*DATASET EXTRACT*.
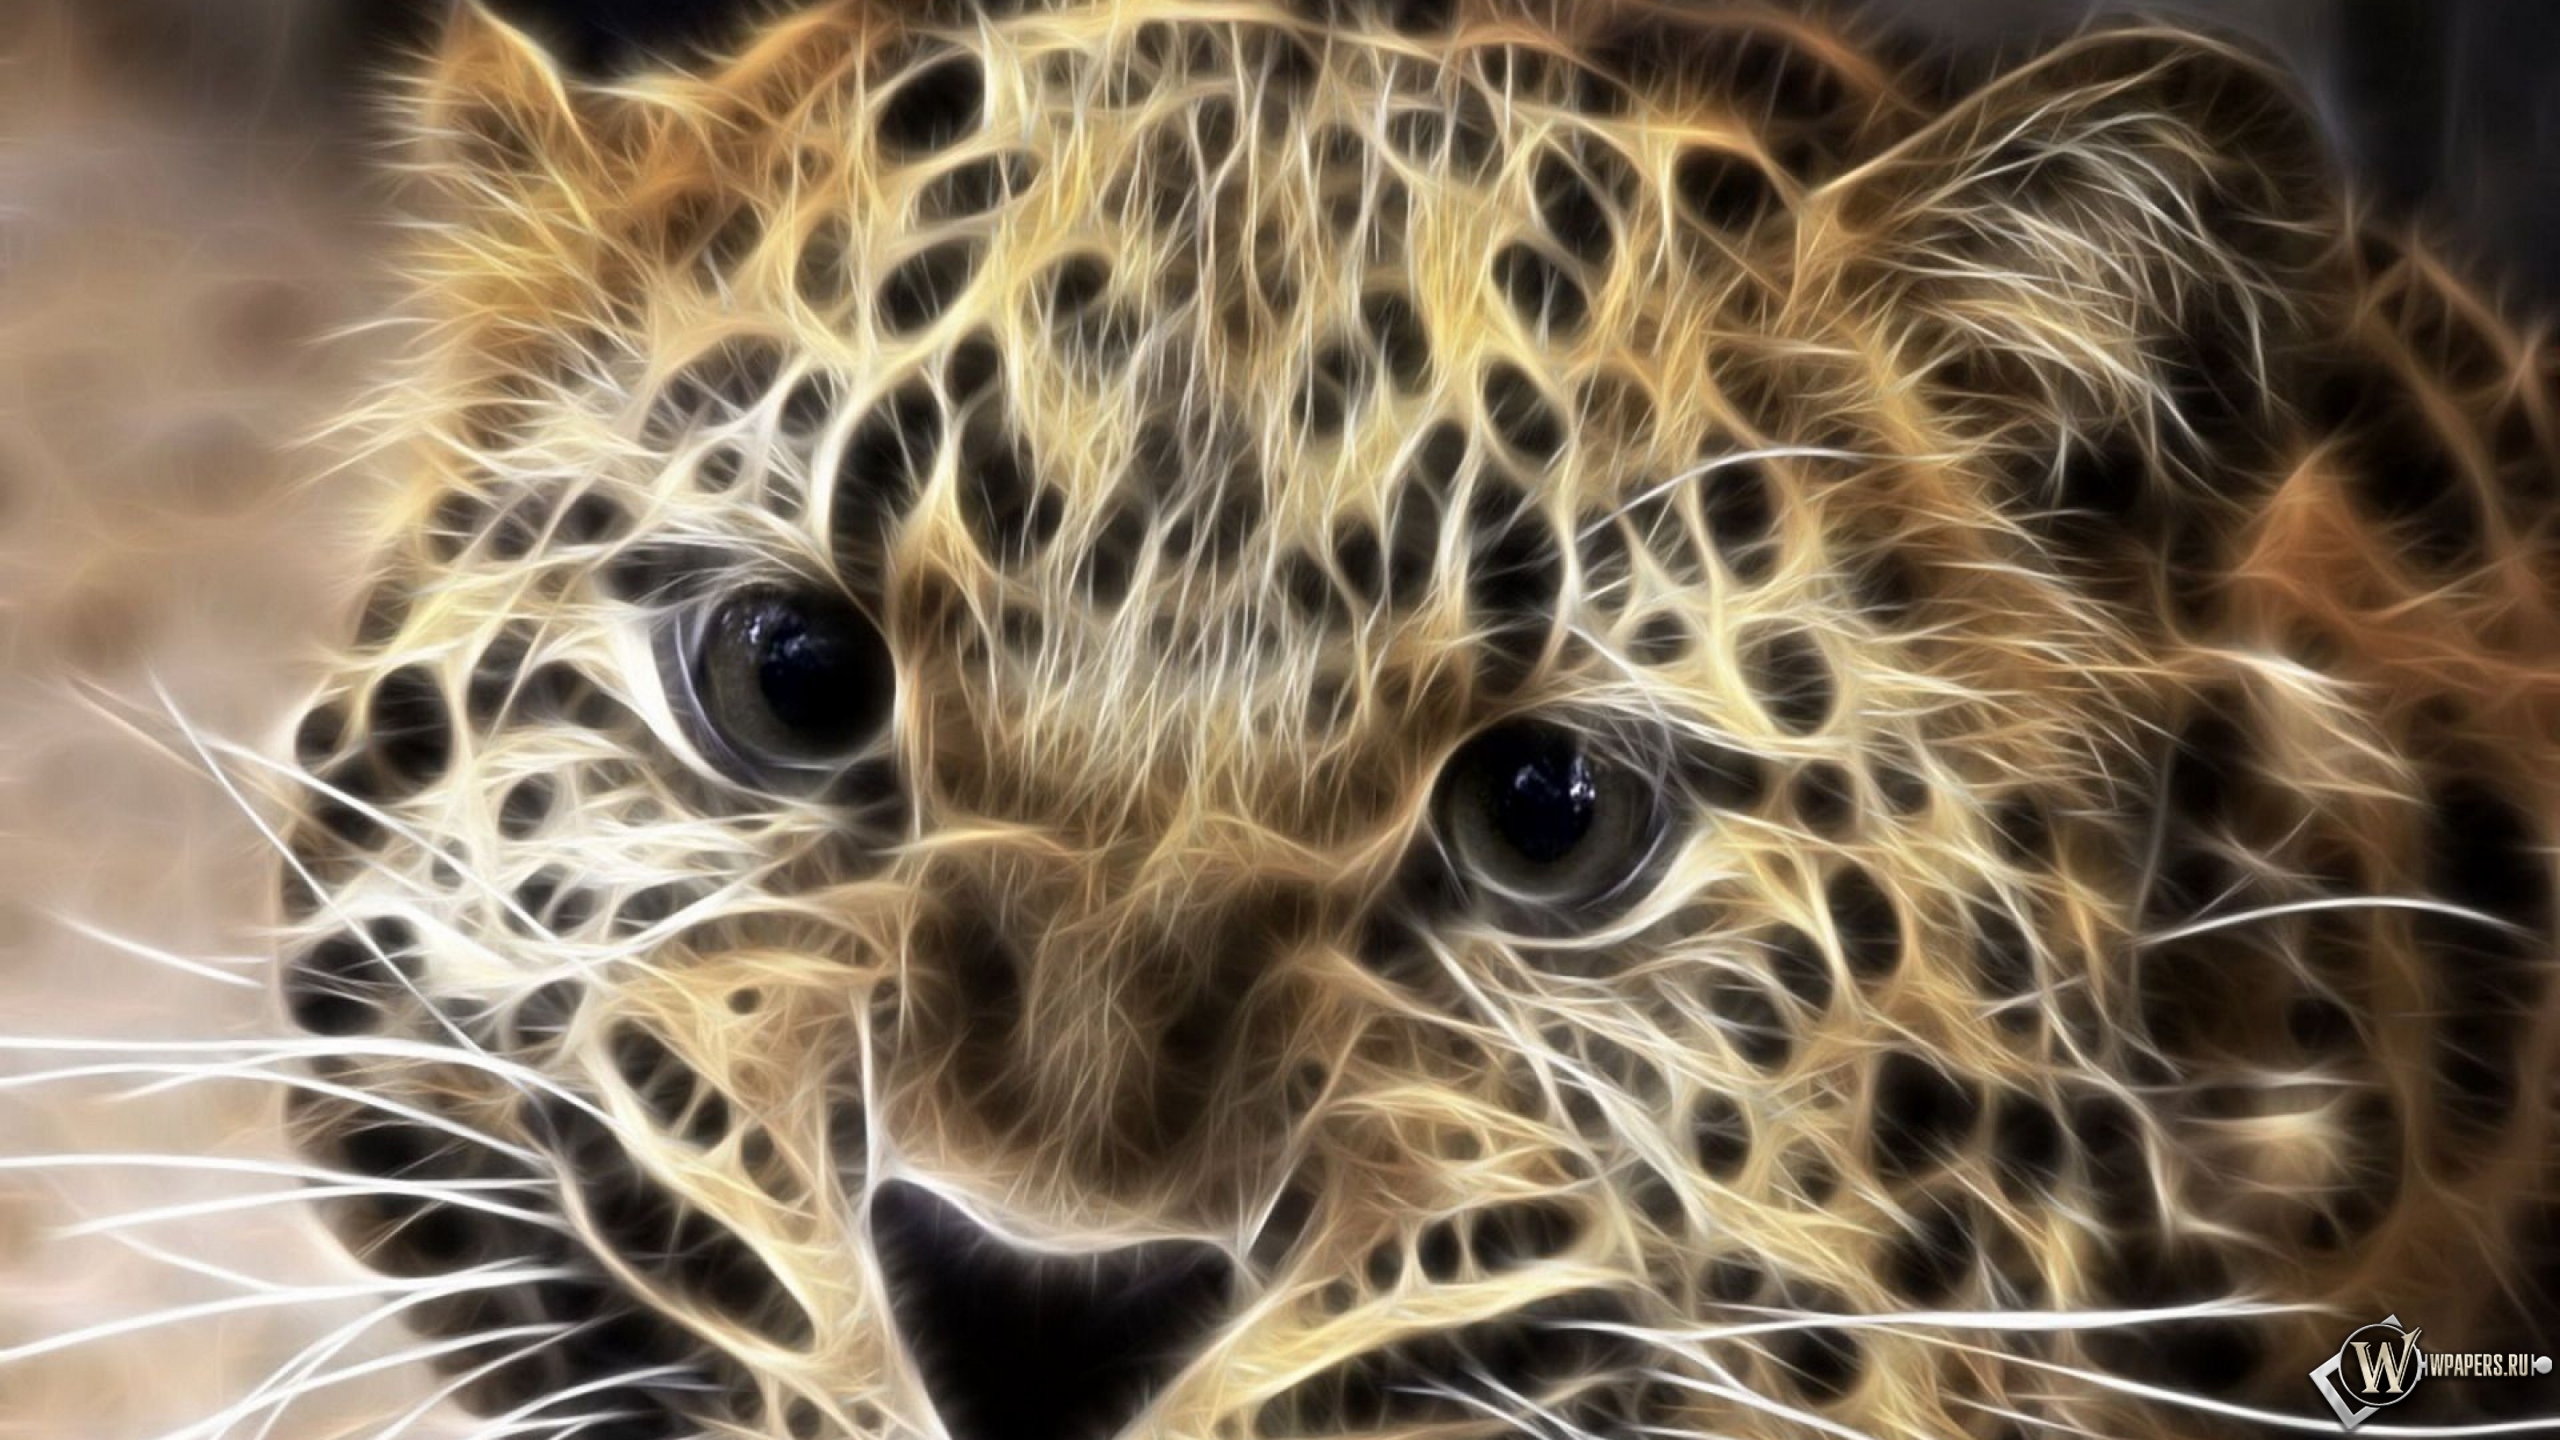 Леопард в обработке 2560x1440
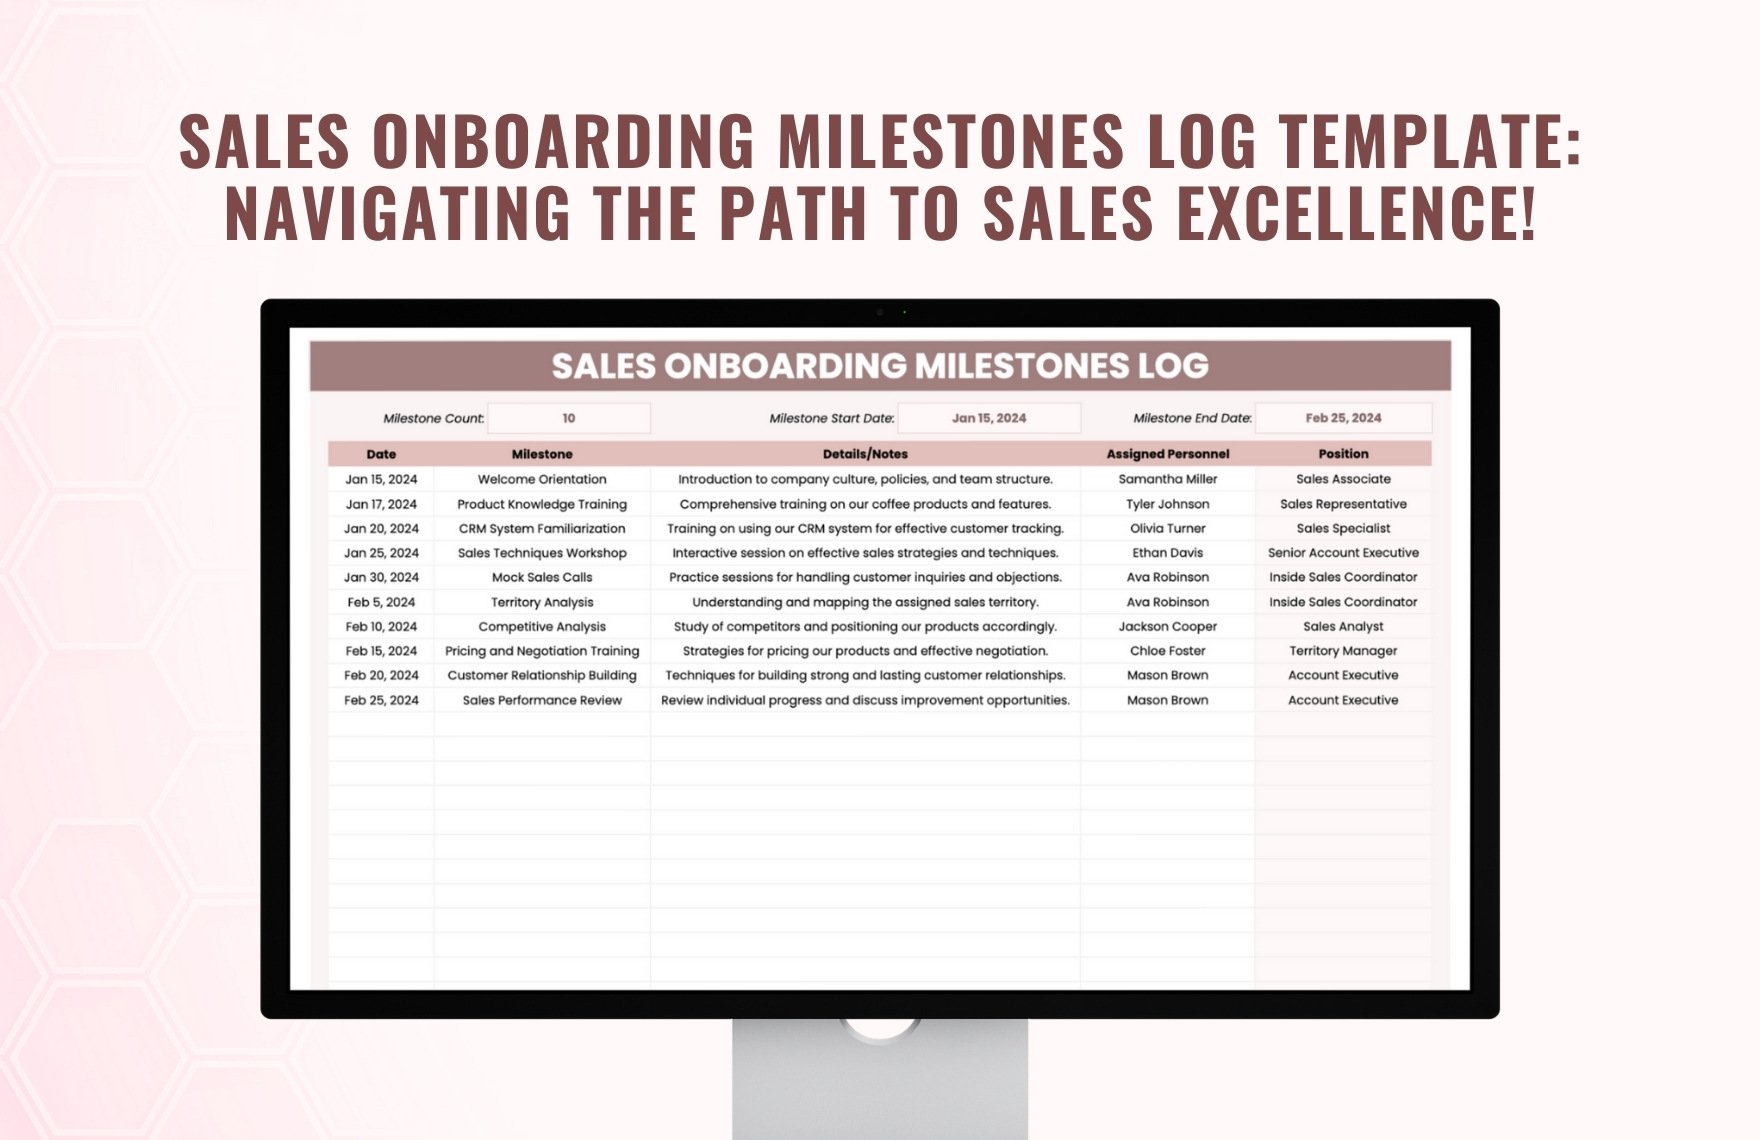 Sales Onboarding Milestones Log Template
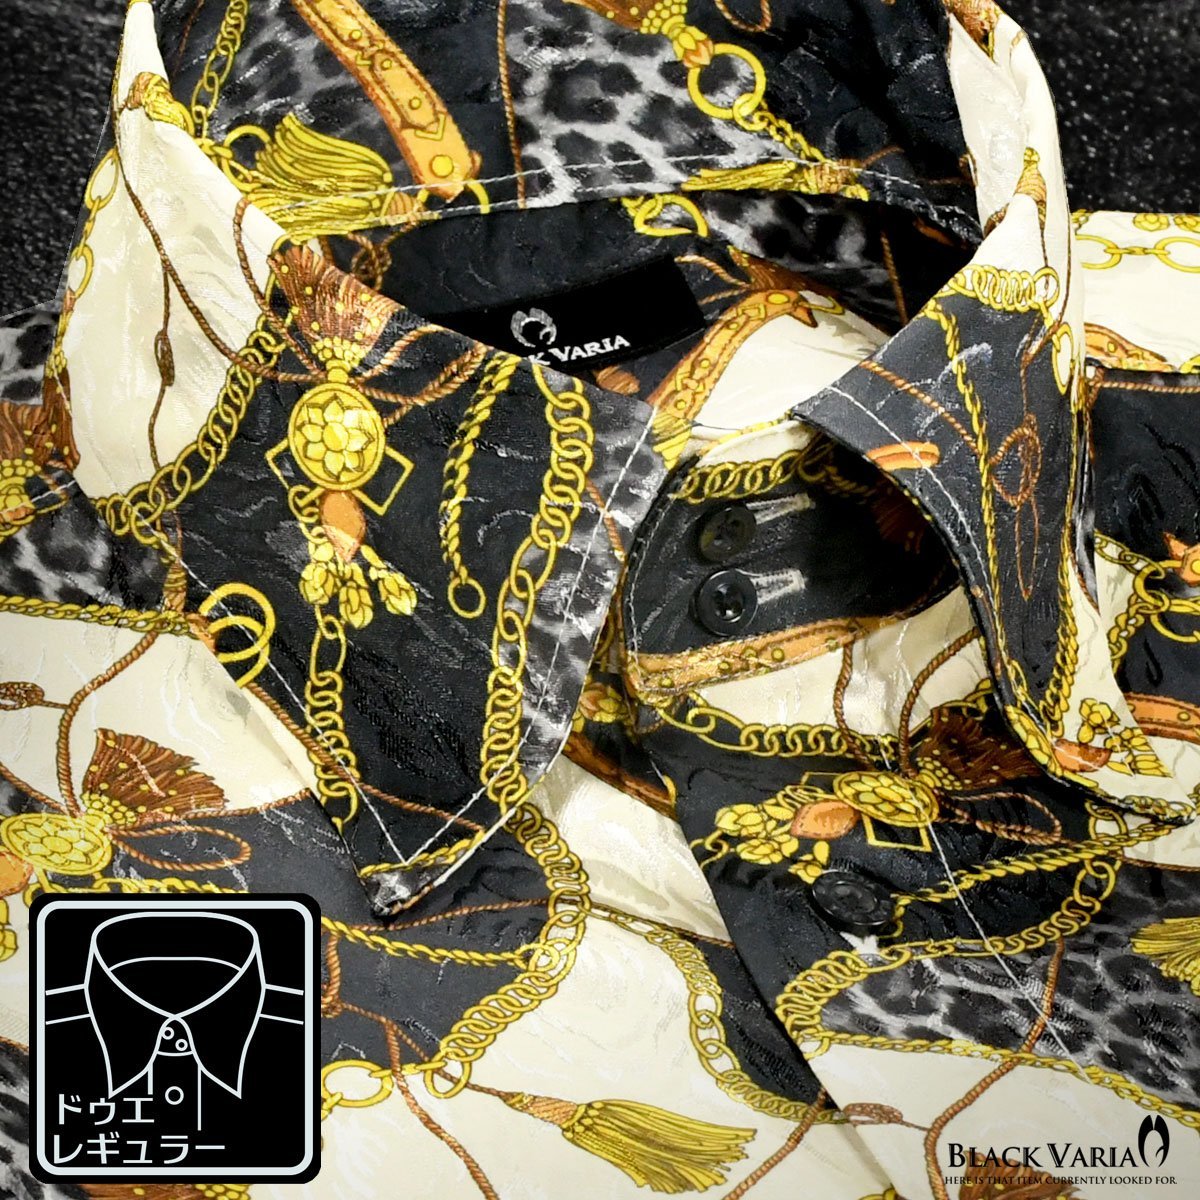 a181718-gobk BLACK VARIA ドゥエボットーニ 豹×鎖スカーフ柄[レギュラーカラー]ジャガードドレスシャツ メンズ(ゴールド金ブラック黒) L

*YOUR TASK*. Set down the entire material verbatim, with each picture left out.

*EXERCISE RESULT*.
 Леопард в обработке 2560x1440
 Sales Onboarding Milestones Log Template
 a181718-gobk BLACK VARIA ドゥエボットーニ 豹×鎖スカーフ柄[レギュラーカラー]ジャガードドレスシャツ メンズ(ゴールド金ブラック黒) L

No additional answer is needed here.